So it's come to this - I struggled and mostly persevered to breastfeed George for over a year. I was proud of it, but frankly, didn't give it much thought. It was just what I was going to do. It seemed natural. And though there were definitely days (and nights!) that I wished he would take a bottle of formula from his papa, and there was that moment of desperation when I bought the super-expensive Alimentum formula to try to soothe his poor colicky tummy, alas he was never very interested in either formula or bottle. Ada was introduced to the bottle and to formula early, since she needed to be topped up and fed while I was kept in "intensive care" post-partum for a day with blood pressure issues. We kept with it as a supplement to breastfeeding for the first few weeks. Why? Because it allowed Jean to participate in the feedings, because she seemed fine with it, because it was easy. There, I said it. The first few days, Ada was a breeze. I knocked on as much wood as I could find - George had always been a colicky, gassy, unhappy little thing. Here was a baby that would calmly breastfeed, and be placed in her bouncy chair for a nap with little to no incitement. I was in heaven. And then it began again. The obvious discomfort. The sudden crying jags, the rock-hard stomach, the frantic but fussy feedings. And, as my previous post laid out, the second-guessing started. Overactive letdown? Foremilk-hindmilk imbalance? I googled madly with one finger as I held a crying, inconsolable baby in my other arm. The nights became endless and insupportable.
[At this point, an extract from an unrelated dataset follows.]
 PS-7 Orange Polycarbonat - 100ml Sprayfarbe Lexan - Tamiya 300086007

We had to take it in shifts - Jean would bottle feed her for the first three or four hours of the night and bring her to me for the rest of the (largely sleepless) night for her to writhe in discomfort beside me, often breaking out in crying fits.
Thank goodness George isn't a light sleeper!
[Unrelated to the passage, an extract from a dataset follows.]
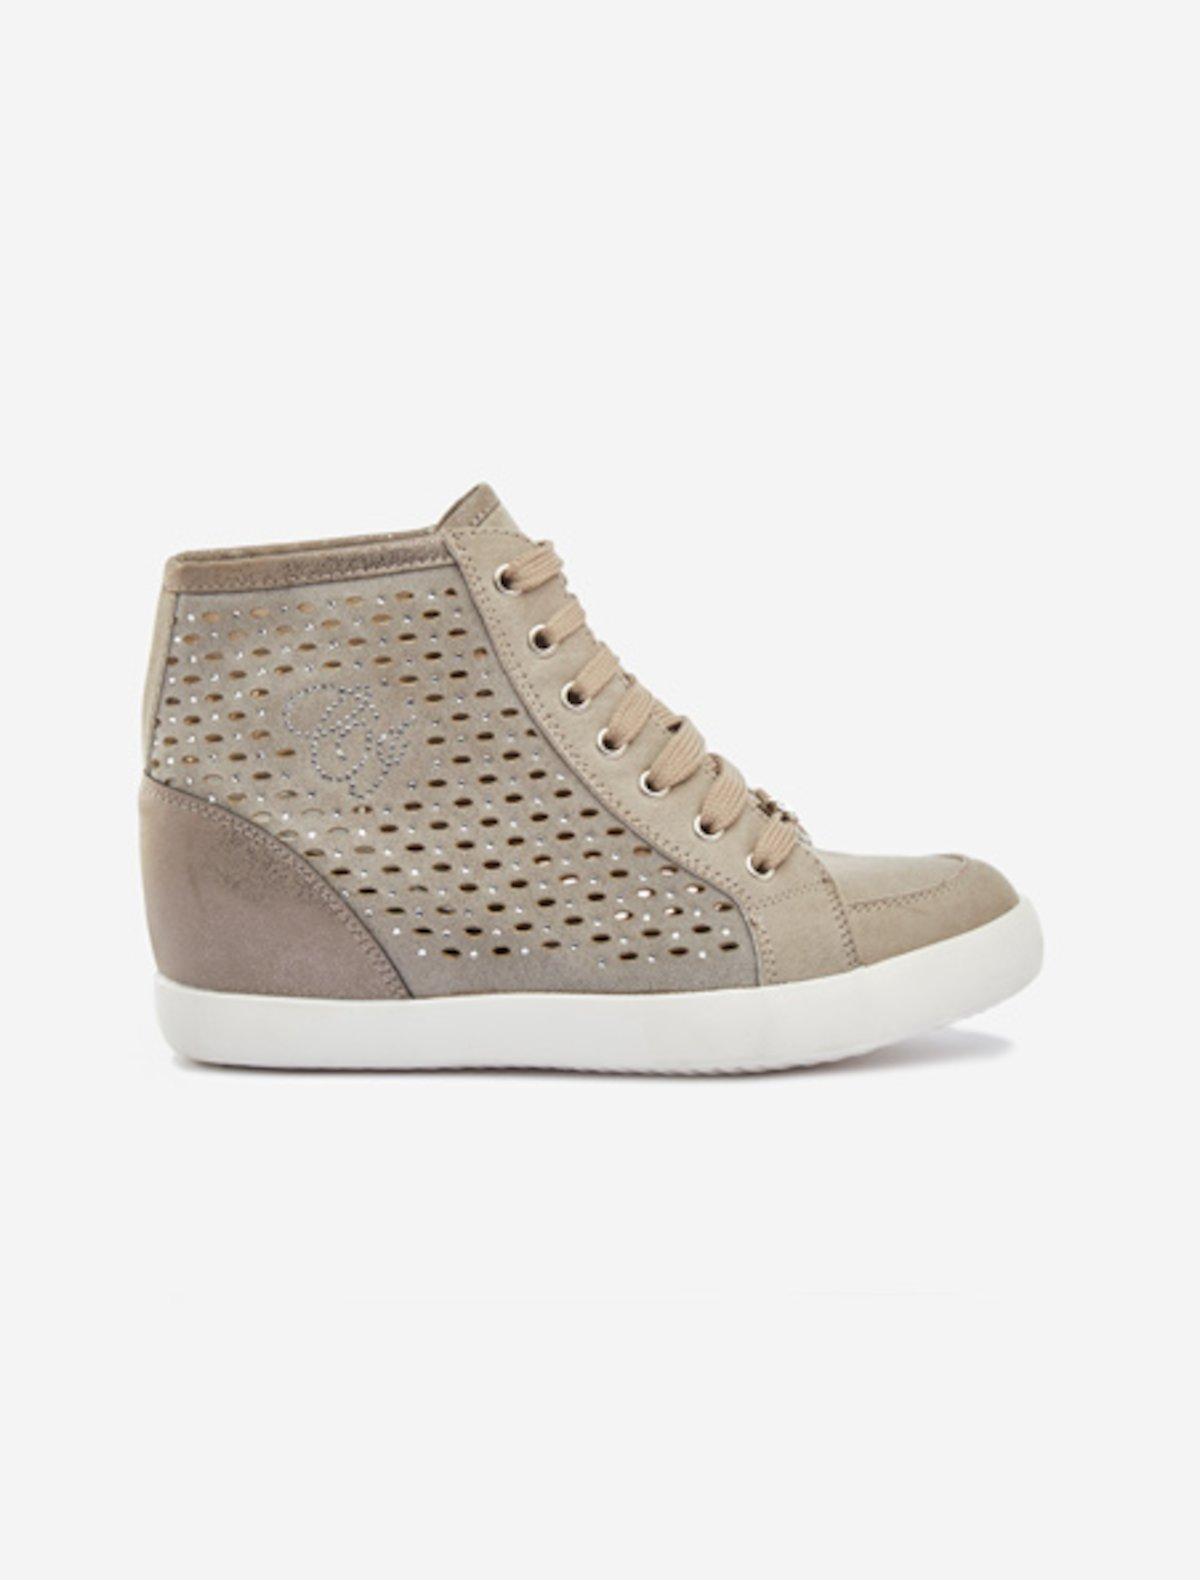 Faux-suede Sasha sneakers - Cinder

I set out on that mad see-saw quest to figure things out that I remember dimly from George's infancy - should I cut out dairy? Green peppers? Caffeine? Alcohol? Should I block feed? Feed her less but more often - more but less often? I tried several solutions, all to no avail. Granted, many other moms have been far more persistent, patient and have shown far more endurance than I did when I finally decided yesterday to go to the store and buy the lactose-free formula for sensitive stomachs. I would try it, and see what happened. Within a few hours of her first feeding, she had slept longer than ever before during the night, she wasn't writhing or in discomfort. She had a bowel movement that wasn't full of unhealthy-looking mucuousy strings. (sorry for the TMI). Here we are, the morning after - she's still had some gas issues, but I'm once again knocking on wood, because she's had her bottle this morning and she's asleep quite contentedly in her swing (I have become such a career pessimist that I had to force myself to type that - convinced that she will wake immediately once I press "publish post" and will be an inconsolable mess for the rest of the day)..
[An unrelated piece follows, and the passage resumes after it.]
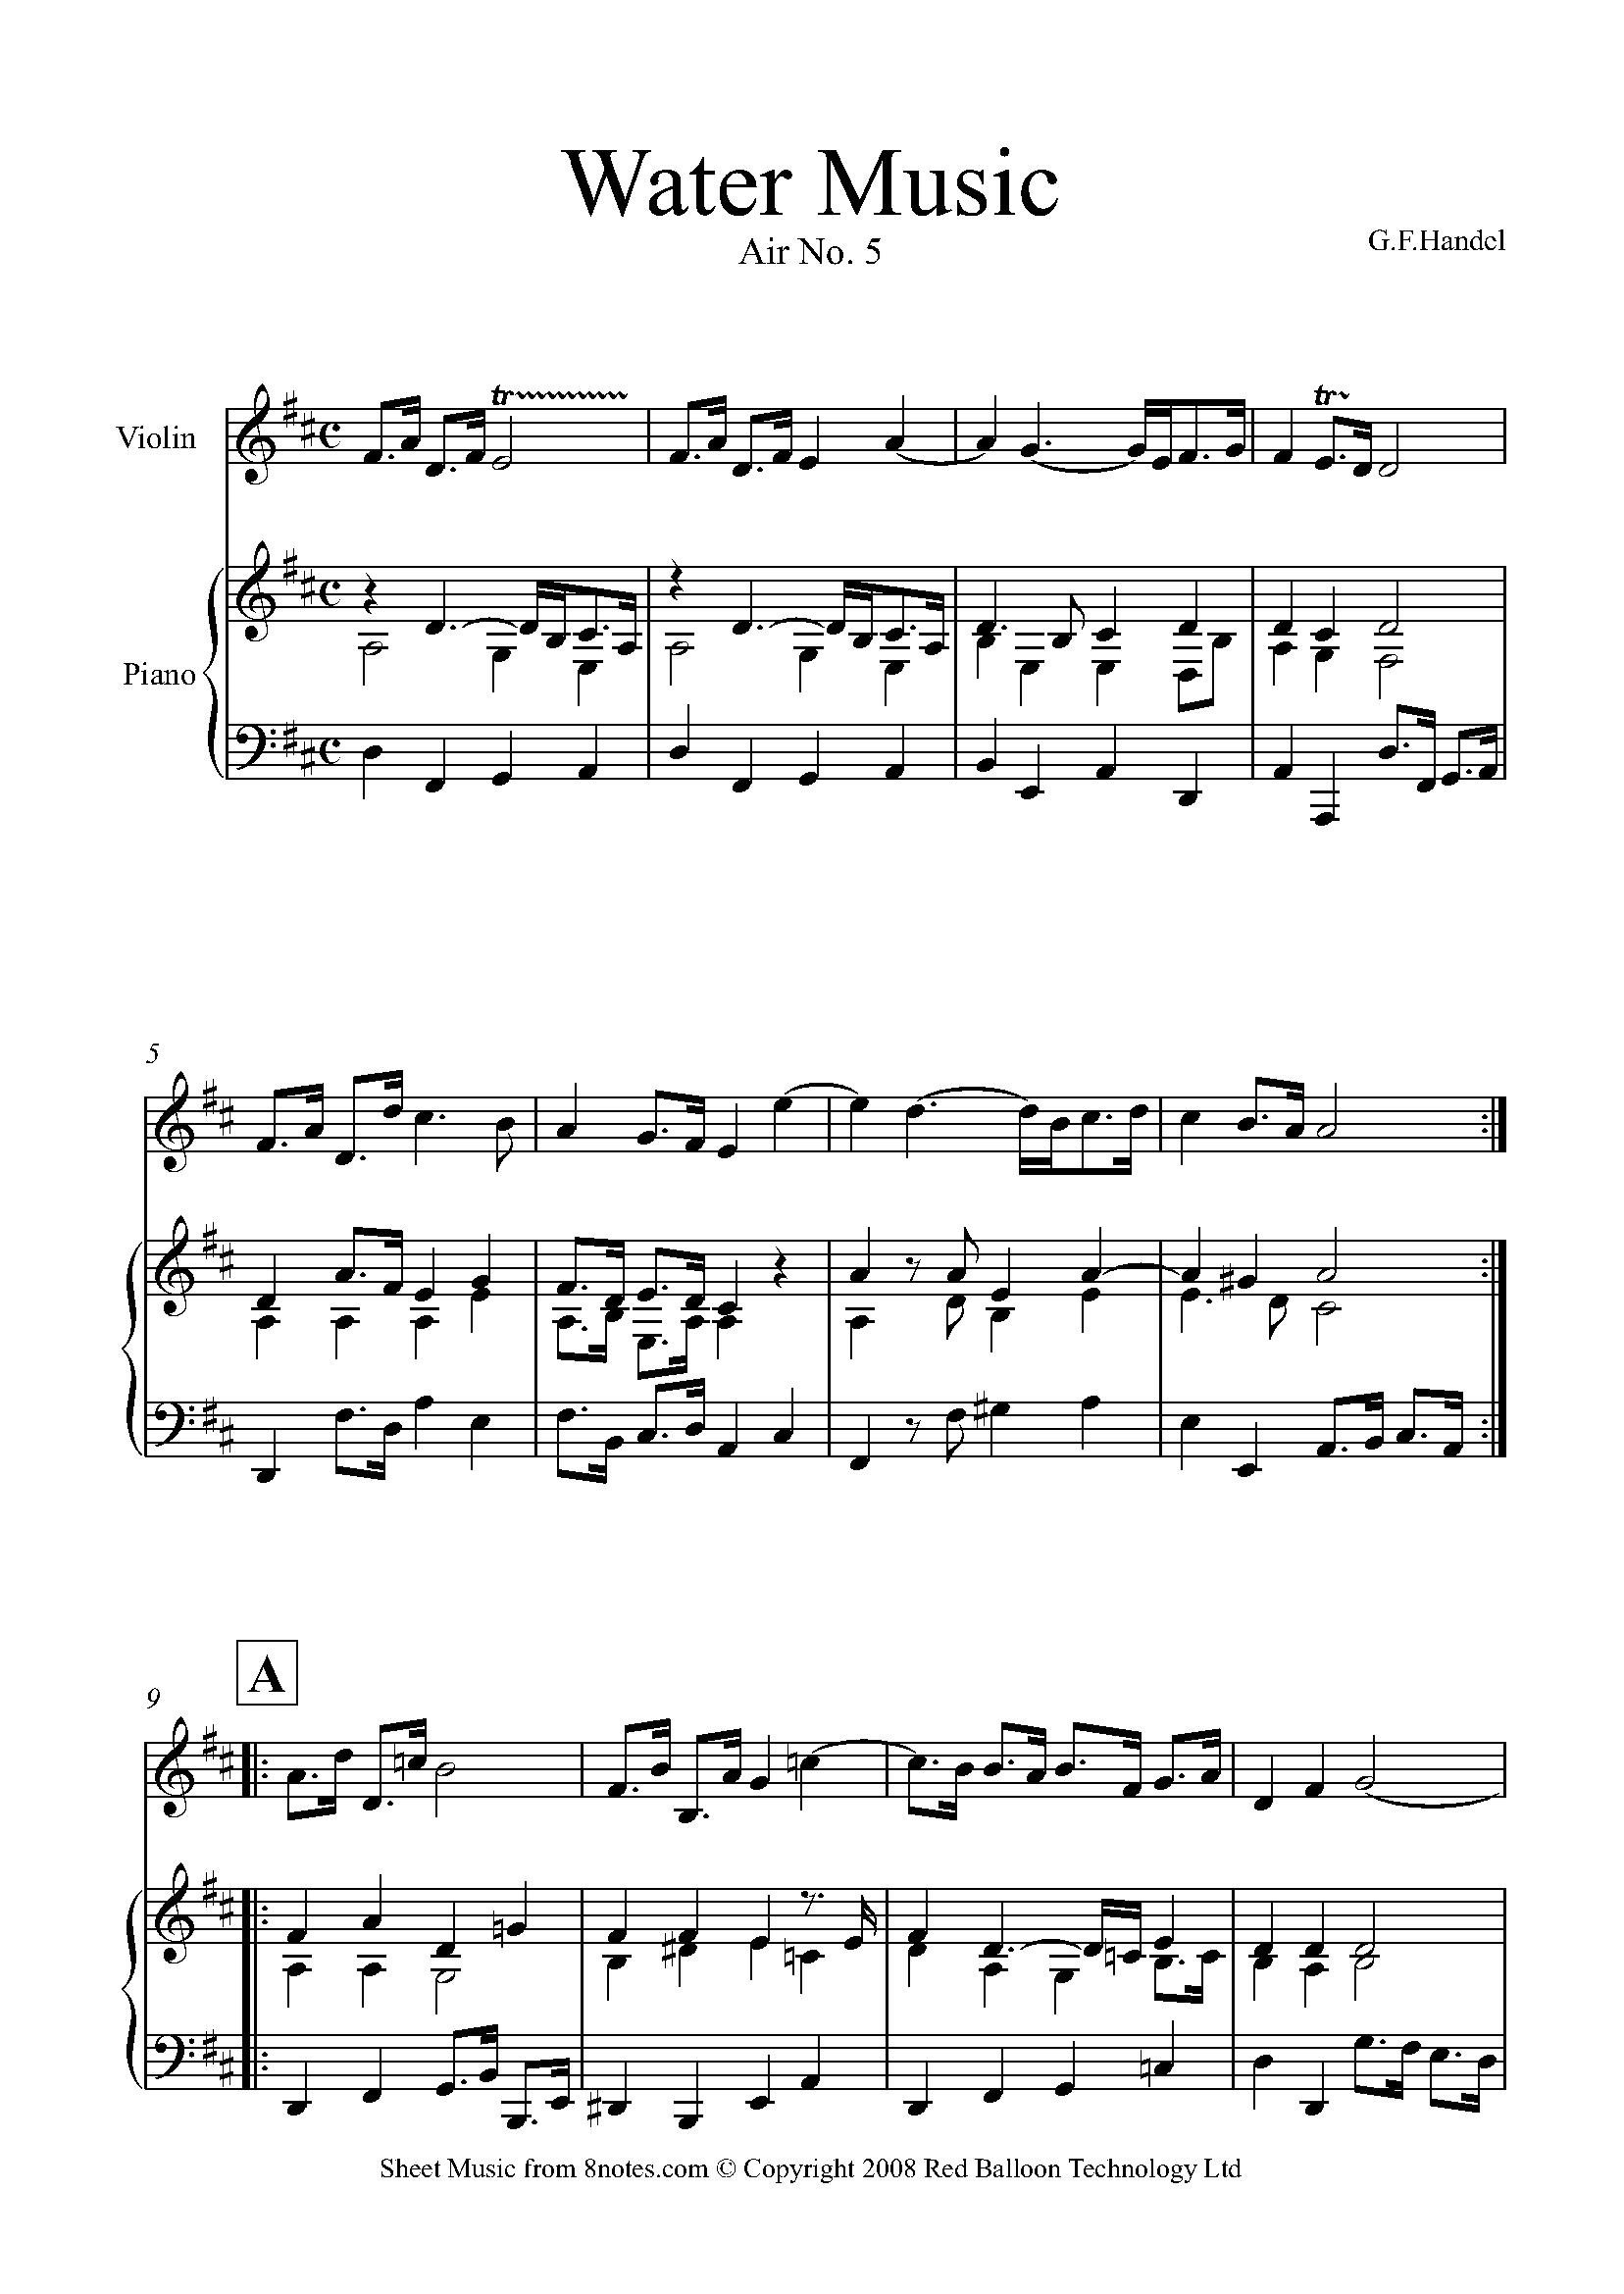 Handel - Water Music (Air No.5) sheet music for Violin - 8notes.com ...

My point, you ask? Well - if this is indeed a solution to her discomfort, to our hideous sleepless nights, to my endless questioning of myself and my breastmilk, then frankly, I think I'm on board with continuing with the formula feeding. Yet, there is a reticence that eats at me - for obvious reasons - society has conditioned moms to believe that "breast is best". I don't disagree - in fact, I agree quite strongly. Yet, if the bottom line is that both mom and baby are happier and are still healthy with formula feeding, then my fundamentally selfish soul seems to be curbing towards relying on formula instead of continuing the harrowing breastfeeding journey. Anyways, I speak to soon - it's totally wishful thinking on my part that this will be the solution to our digestive woes. If it's not, I guess we're back to square 1, and I'll probably start back with breastfeeding her within a few days (I'm pumping to maintain my supply until the jury is back in on this one). If she does get significantly better on the formula, then I really need to ask myself - which way do I want to go?
I'm going to make a list of pros and cons for bottle vs. breast - maybe this will help me decide (though if I'm really honest and things go well with the formula, I think I already know the answer.)
Breastfeeding
Pros:
-Best for baby in terms of nutrients, immune system
-Bonding with baby
-Makes cosleeping a breeze
-Portable food supply
-Less expense
-Social stigma of not breastfeeding
-Natural pacifier
-Easier to travel/camp/etc. - less logistics
-Weight loss
Cons:
-potential digestive issues from overactive letdown, oversupply, lactose intolerance..
-need to watch what you eat
-$ spent on pumps, breast pads, nursing clothing, etc.
-difficult to tell how much baby is eating
-awkwardness of public nursing
-pumping is time consuming
-leaking, engorgement, discomfort
Formula
-Digestive issues addressed
-Can tell how much baby is drinking
-Still has nutrients required for baby
-Sleep longer (?)
-Less embarrassment/awkwardness with public bottle feedings vs. public breastfeeding
-My breasts become mine again - spend less on nursing pads, etc. - no engorgement issues, leaking, etc.
-No time pumping required
-Dad and others can participate more fully in feedings
-Can eat, drink what I want when I want
Cons
-Less nutritionally complete, less beneficial for immune system
-Social stigma of not breastfeeding
-More expensive
-More "equipment", logistically more difficult
I'll report back when more time has passed and we've made some decisions.